So the President can spy on members of AlQueda? How about suspected members of alQueda? How about people who have had communications with members of alQueda? Family members? Lawyers for enemy combatants? The owner of the Chinese restaurant down the street when a sleeper cell orders takeout? There is no real oversight for any of this, or any way of checking who’s who. It’s all who watches the watchmen type stuff.No, it's not. My argument is that Congress has no regulatory authority over the President when he wants to go a-tapping for the purpose of collecting foreign intelligence from foreign powers. FISA hasn't been challenged, as someone correctly pointed out, precisely because it does not regulate that. It regulates, among other things, the tapping of non-foreign powers for purposes of collecting foreign intelligence1. As I mentioned, I believe that FISA regulates, and Congress has the power to regulate, the wiretapping of US Persons who are not agents of a foreign power -- agents of the Medellin drug cartel, for instance. Now, this leaves some room for litigation. What's a foreign power? In the present case however, there's no dispute. The President asserts that Al Qaeda is a foreign power and Congress endorsed that assertion when they declared war on it.
Also the Authorization to use Military Force argument is a pretty thin limb to go out on. The President specifically asked that this authority be added to the AUMF, and Congress shot him down.
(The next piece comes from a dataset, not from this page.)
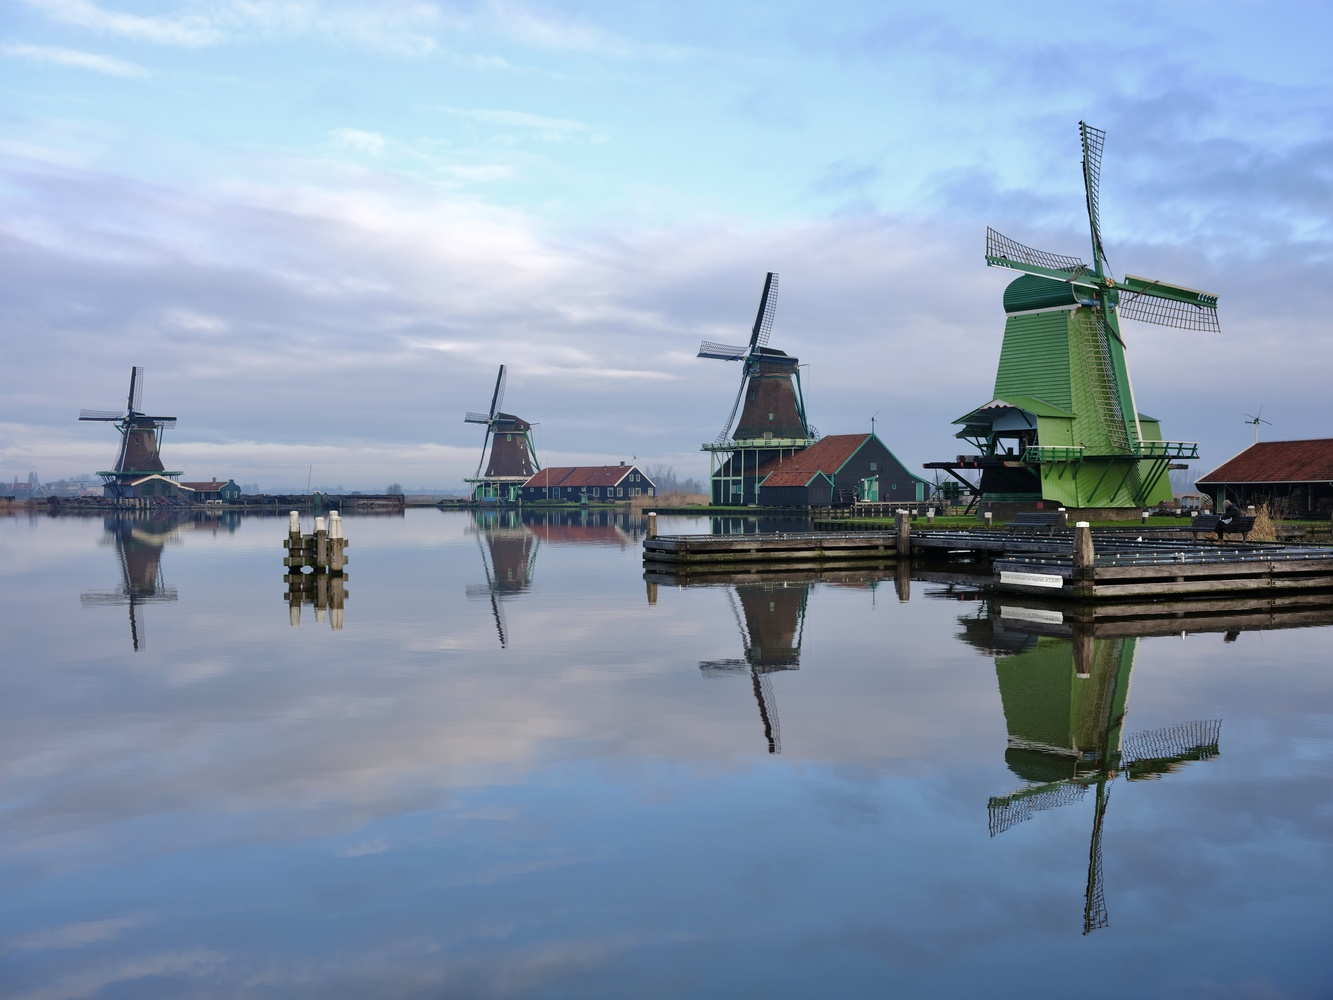 Zaanse Schans 2 by Cees Albers

Yes, Democrats would look stupid saying that Bush doesn’t have the authority to monitor AlQueda. That’s why none of them are saying it. What they are saying is that the President’s wiretapping program might be in violation of the law. There is a difference. No one claims that police do not have the authority to arrest drug dealers. If some off-duty police officers just drive up to a suspected crack house and start spraying machine gun fire willy-nilly however, someone might object to that.All that said, as a political matter my comment to Wildcat still stands. I hope -- heck, I pray, that Congressional Democrats try to assert that the President does not have this power. Nothing would make me happier than seeing Ted Kennedy and Nancy Pelosi arguing that the President violated the law by listening to al Qaeda; that he was tasked by Congress to capture or kill them but God forbid he should try to prevent another 9-11 by learning what their US agents are up to when they call home. 70 Republican Senators and 300 Republican Representatives by '08 would solve a lot of problems.